-di ANTONIO MAGLIE-
L’Italia sovranista in lotta con l’italiano. Un paradosso: si riscopre la dimensione nazionale (anche in polemica con l’Europa) ma non la lingua nazionale. Matteo Salvini e Giorgia Meloni, ad esempio, abbigliati di verde o sventolando tricolori, hanno fatto proprio e tradotto in maniera un po’ più paesana quello che è stato lo slogan dell’attuale presidente americano: da “America First” a “Italy first”. Un tempo avremmo definito questa posizione politica in maniera molto semplice: nazionalista.
Ma Salvini e Meloni vengono da storie diverse: la seconda dalle nostalgie missine, il primo dalle brume padane che hanno avvolto ma non cancellato del tutto i desideri secessionisti. E così ora parlano di scelte “sovraniste”. Termine brutto ma che consente a due personaggi che per cultura e storiche aspirazioni teoricamente non dovrebbero andare totalmente d’accordo (l’una è cresciuta in un contesto in cui il centralismo aveva la meglio sul regionalismo, l’altro, al contrario, è stato svezzato con il latte del federalismo filtrato attraverso le idee più di Gianfranco Miglio che di Carlo Cattaneo). Ma poi l’irresistibile desiderio di alzare muri, la “guerra” ai musulmani, il rifiuto dei migranti di qualsiasi provenienza accusati di invadere le “nostre” terre e di attentare alla purezza dell’italica razza (che come è noto, tutto è meno che pura) e della razza “padana” (la quale è incontaminata nella stessa misura di quella italica), garantisce un collante che, però, ha bisogno di un riferimento meno “compromettente” di quello rappresentato dal “nazionalismo”.
Persino Gianni Alemanno e Francesco Storace che ancor più di Giorgia Meloni sono figli di quei riferimenti “nostalgici” che si identificavano nel vecchio Msi di Giorgio Almirante, preferiscono adottare questo scombiccherato neologismo.

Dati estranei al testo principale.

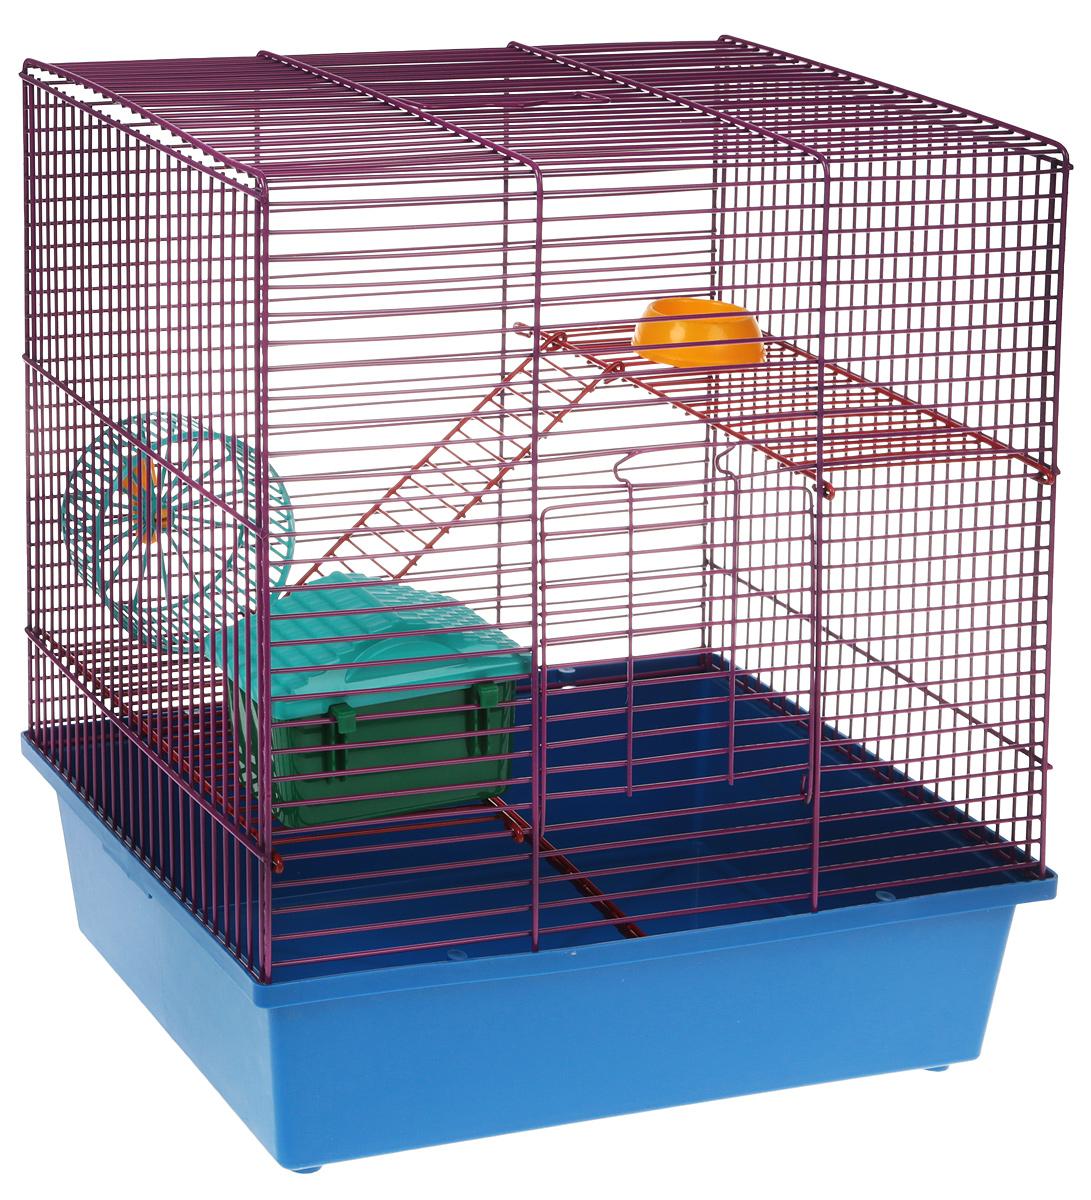 Клетка для грызунов Велес Lusy Hamster-3к, 3-этажная, цвет: синий, фиолетовый, 35 х 26 х 40 см клетка для грызунов велес lusy hamster 2 2 этажная цвет синий бирюзовый 35 х 26 х 26 см

Il bello è che anche quel pezzo d’Italia “sovranista” (al pari degli altri pezzi) è popolata da connazionali che quotidianamente litigano con la lingua madre (declassata ormai nella scala familiare al rango di cugina di secondo grado). È il grido di dolore che si leva (al di sopra delle valutazioni o collocazioni politiche perché il problema è generale) dalle università italiane, contenuto in una lettera in cui seicento docenti hanno spiegato come negli atenei italiani approdino giovani virgulti predisposti a commettere errori che un tempo sarebbero stati sottolineati con una certa severità persino in terza elementare.
Si legge nella missiva: “È chiaro ormai da molti anni che alla fine del percorso scolastico troppi ragazzi scrivono male in italiano, leggono poco e faticano a esprimersi oralmente”. Firmata tra l’altro da Ilvo Diamanti, Massimo Cacciari, Carlo Fusaro e Paola Mastrocola, svela l’avvilente condizione in cui versa la nostra lingua, peraltro facilmente verificabile quotidianamente: la scomparsa del congiuntivo, il “gli” (“gli dissi”) usato, invariabilmente, anche quando bisognerebbe fare ricorso al “le” (“le dissi”), la difficoltà a orientarsi tra plurale e singolare, a seguire la concecutio temporum, il pericolosissimo “dimagrimento” imposto al vocabolario quotidianamente utilizzato.
Come dicono i “seicento indignados danteschi”, i giovani leggono poco. In compenso scrivono tanto: sms, tweet, commenti sulle pagine Facebook. Tutte pratiche che hanno aggravato una condizione della lingua che appariva già critica una ventina di anni fa quando si parlava di analfabetismo di ritorno provocato da quella televisione che pure, a cavallo tra i Cinquanta e i Sessanta, aveva favorito la diffusione di massa dell’italiano in un paese così frastagliato anche dal punto di vista linguistico, da essere portato in ampie realtà sociali a utilizzare come strumento di comunicazione il dialetto locale. Evidentemente camminando a ritroso abbiamo chiuso il cerchio e l’analfabetismo ora è di “partenza”. Conclusione: la nostra sovranità riguarda tutto il territorio nazionale ma non la grammatica, la sintassi e il vocabolario.
il problema linguistico inizialmente risolto con la televisione (che gia` aveva ridotto parte della ricchezza della nostra lingua) sta mostrando un debole cenno di ulteriore appiattimento, forse collegabile ai nuovi media, la valutazione di debole al fenomeno mi deriva da considerazioni demografiche che elimineranno definitivamente il problema nello spazio di una generazione. La lingua italiana rimarra` studiata e parlata da un ristretto gruppo di appassionati, non necessariamente abitanti vicino al Mediterraneo. L’amore per la nostra cultura appare moto vivo in posti inaspettati, anche abbastanza lontani dalla sua origine geografica.